Methods and analysis
This study employs a repeated cross-sectional difference-in-difference design in which 700 youth ages 13–17 years are being recruited each year for 5 years (Louisiana n=175, Texas n=175, matched comparisons from other states n=350). Youth screen record their mobile devices for 60 minutes while they browse social media platforms (eg, TikTok, Instagram) or use the internet. They also complete a brief survey about a variety of topics (eg, health behaviours, mental health). Adolescents are compensated for screen recording ($75) and the survey ($25). Study team members are coding recordings for several characteristics, including media platforms used, appearances of food or beverages, and food or beverage type. We will estimate the impact of policies on food and beverage ads seen per hour using Ordinary Least Squares regression models and heterogeneity-robust standard errors clustered at the state level (by year and cumulatively).
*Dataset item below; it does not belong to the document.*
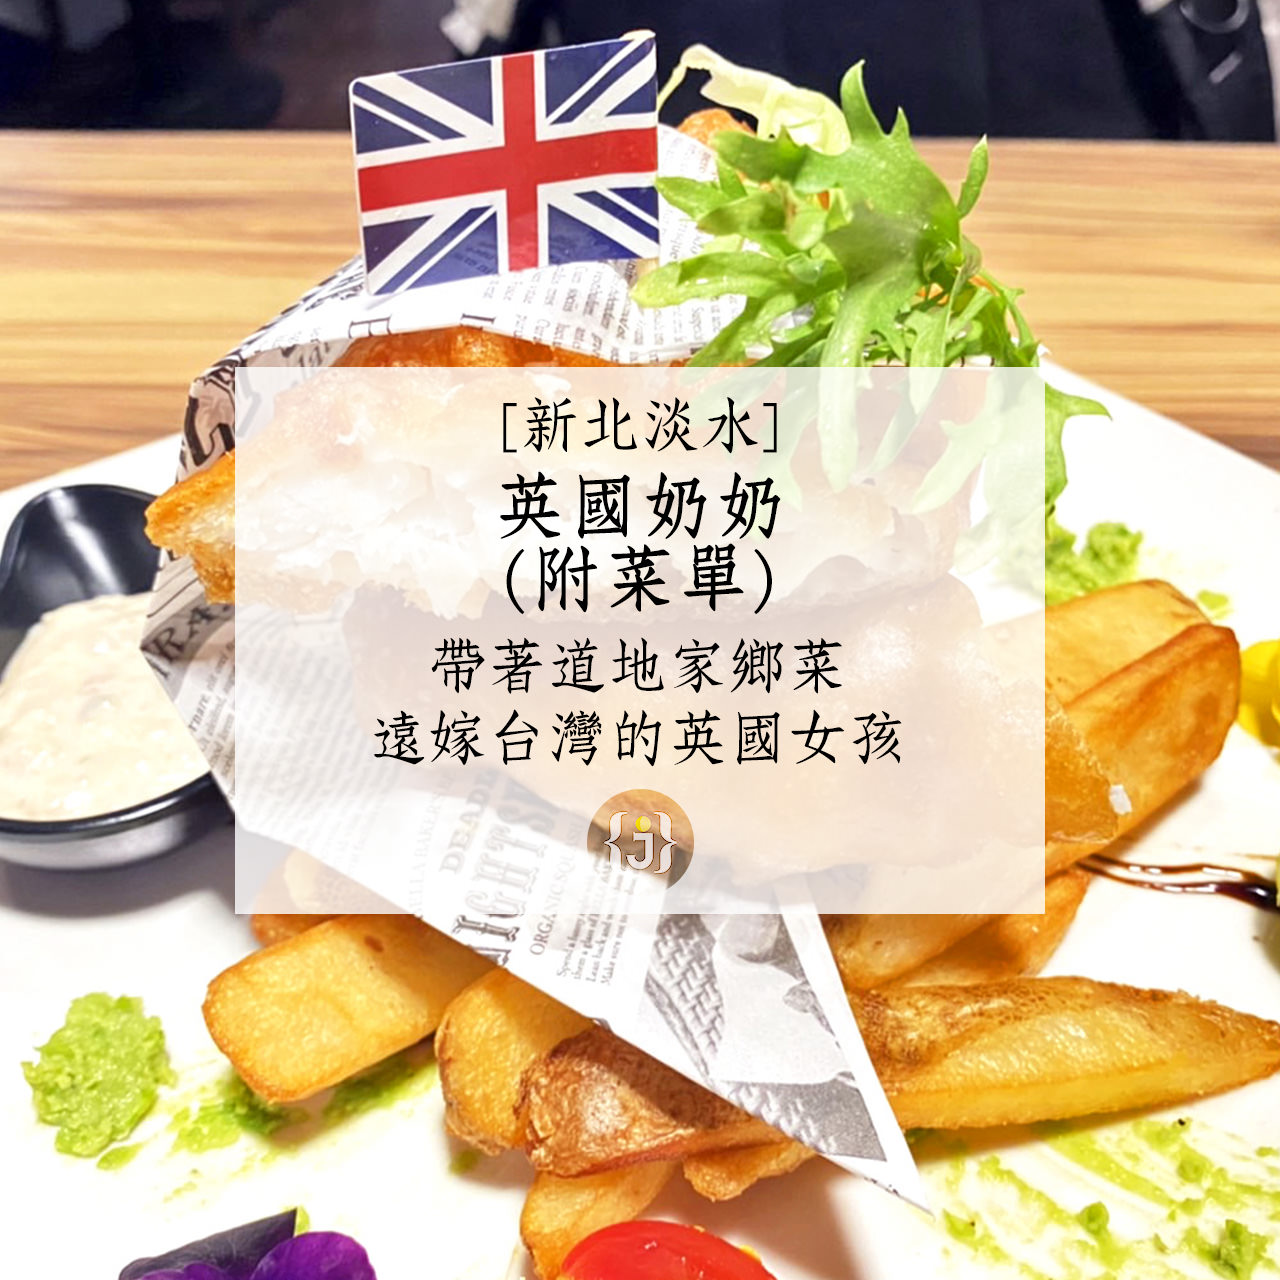 【新北淡水】英國奶奶附菜單帶著道地家鄉菜 遠嫁台灣的英國女孩

We will run additional models with interaction terms with income and race/ethnicity, separately, to test the role of the policies on health disparities.

Ethics and dissemination
Study procedures have been approved by the Institutional Review Board of the NYU Grossman School of Medicine. We will distribute findings in peer-reviewed journals and at local and national conferences. To complement traditional dissemination pathways, we will create infographics to share with relevant community stakeholders. We will also share findings with policymakers in states that have passed or considered similar policies.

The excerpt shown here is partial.